Problem statement: Return the listing below exactly, with the pictures dropped.

------ The data

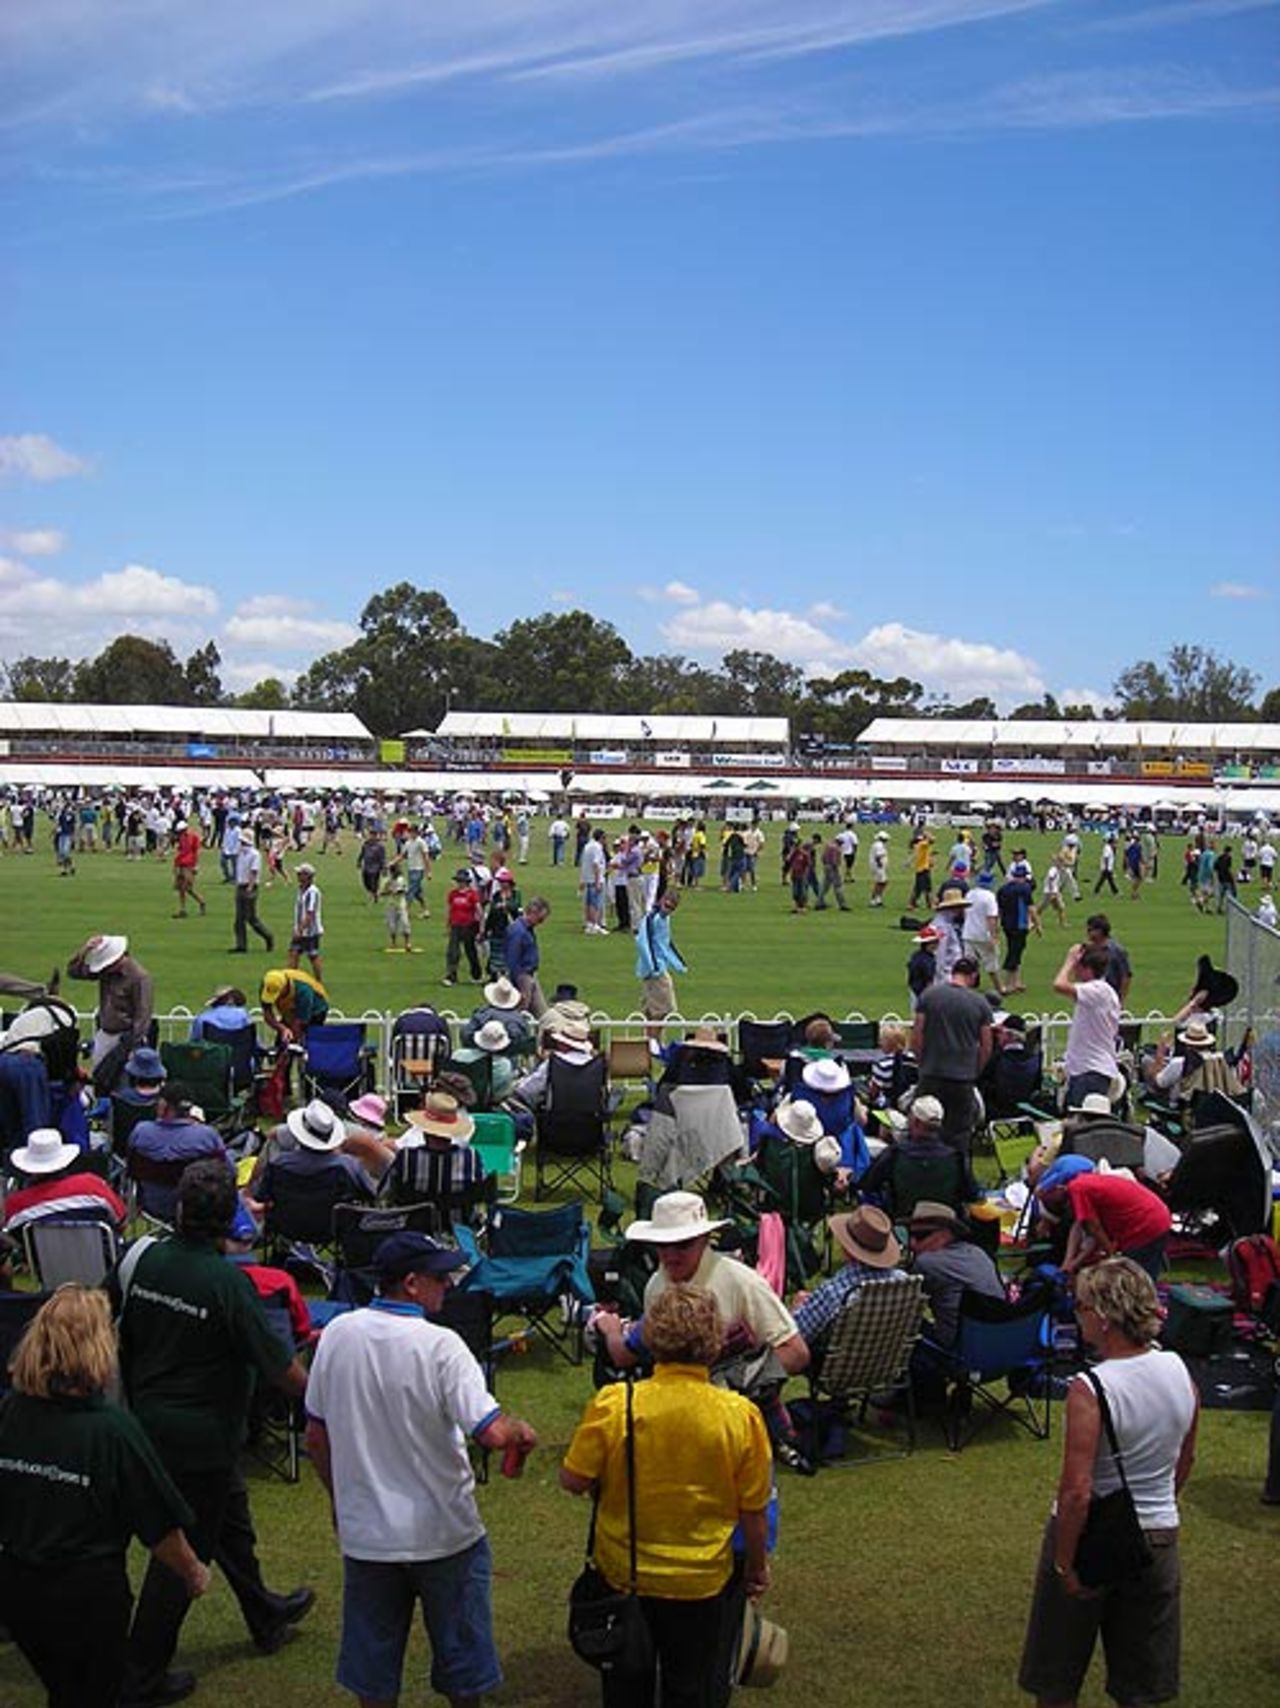 The sell-out crowd at the annual Lilac Hill festival match, Cricket Australia Chairman's XI v England XI, Lilac Hill, Perth, December 8, 2006
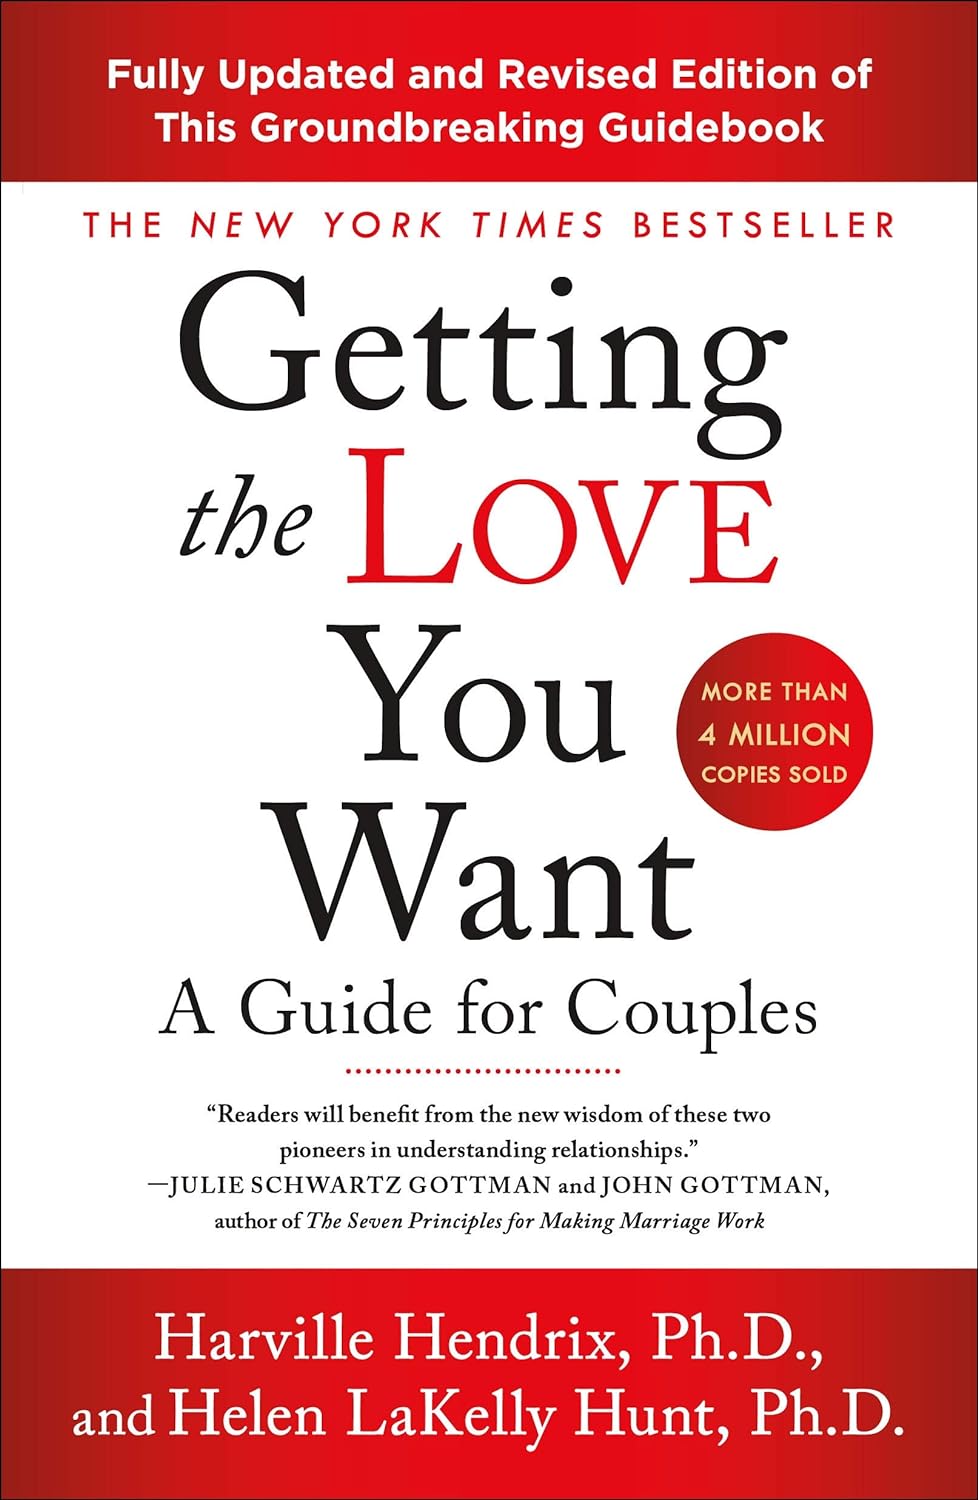 Getting the Love You Want By Harville Hendrix
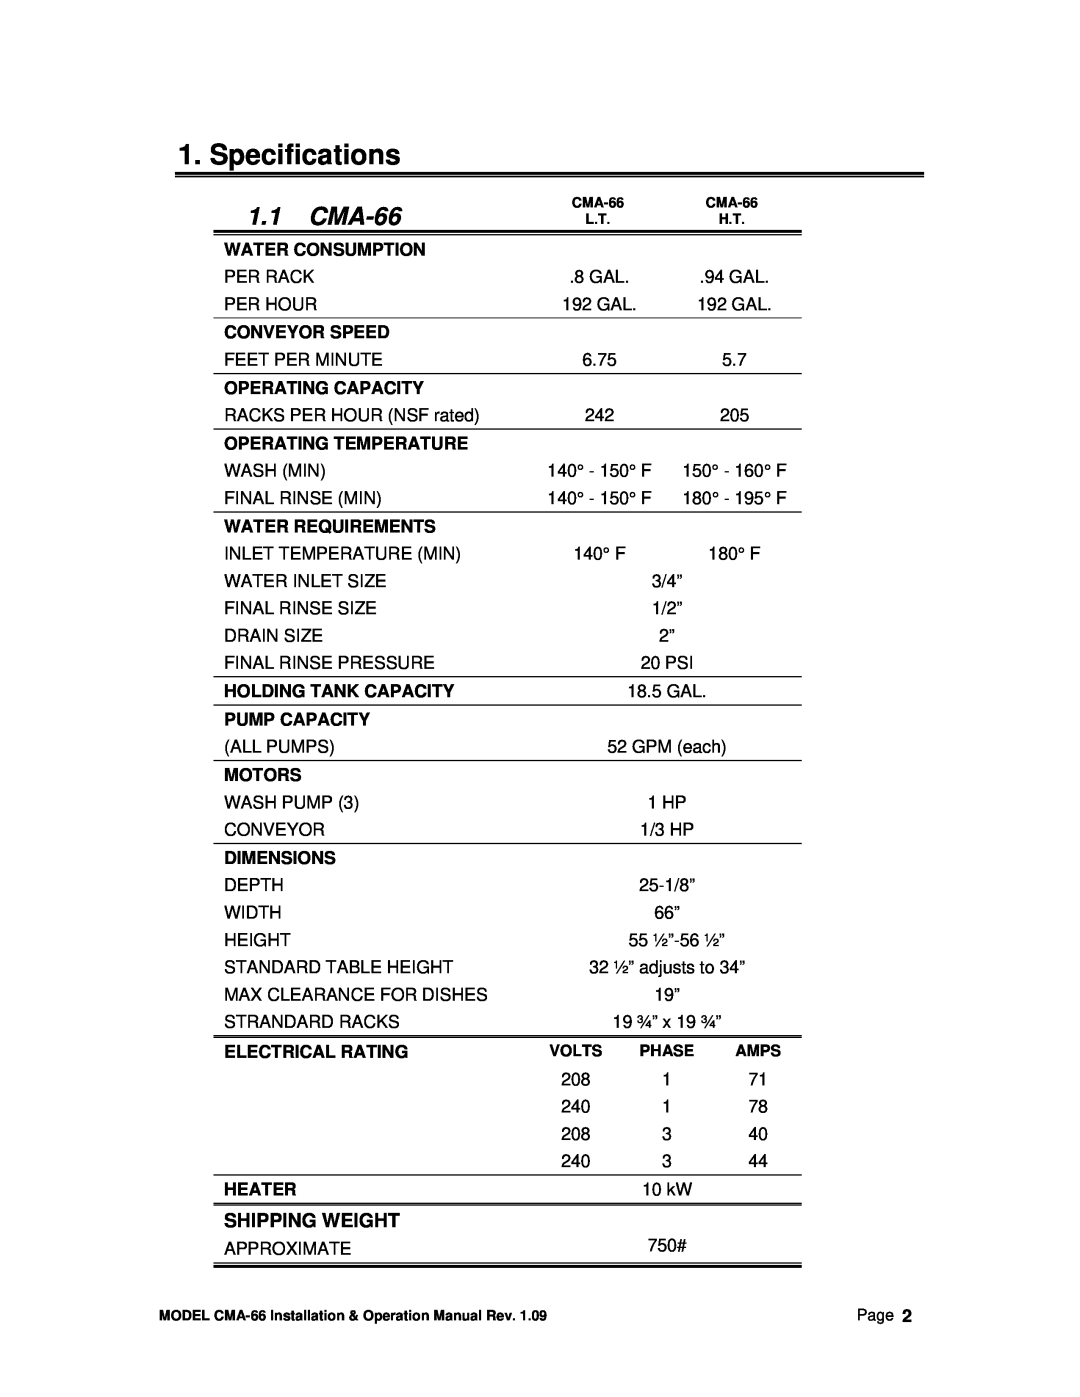 CMA Dishmachines CMA-66 manual Specifications, Shipping Weight

------------

Solution to this task:
 The sell-out crowd at the annual Lilac Hill festival match, Cricket Australia Chairman's XI v England XI, Lilac Hill, Perth, December 8, 2006
 Getting the Love You Want By Harville Hendrix
 CMA Dishmachines CMA-66 manual Specifications, Shipping Weight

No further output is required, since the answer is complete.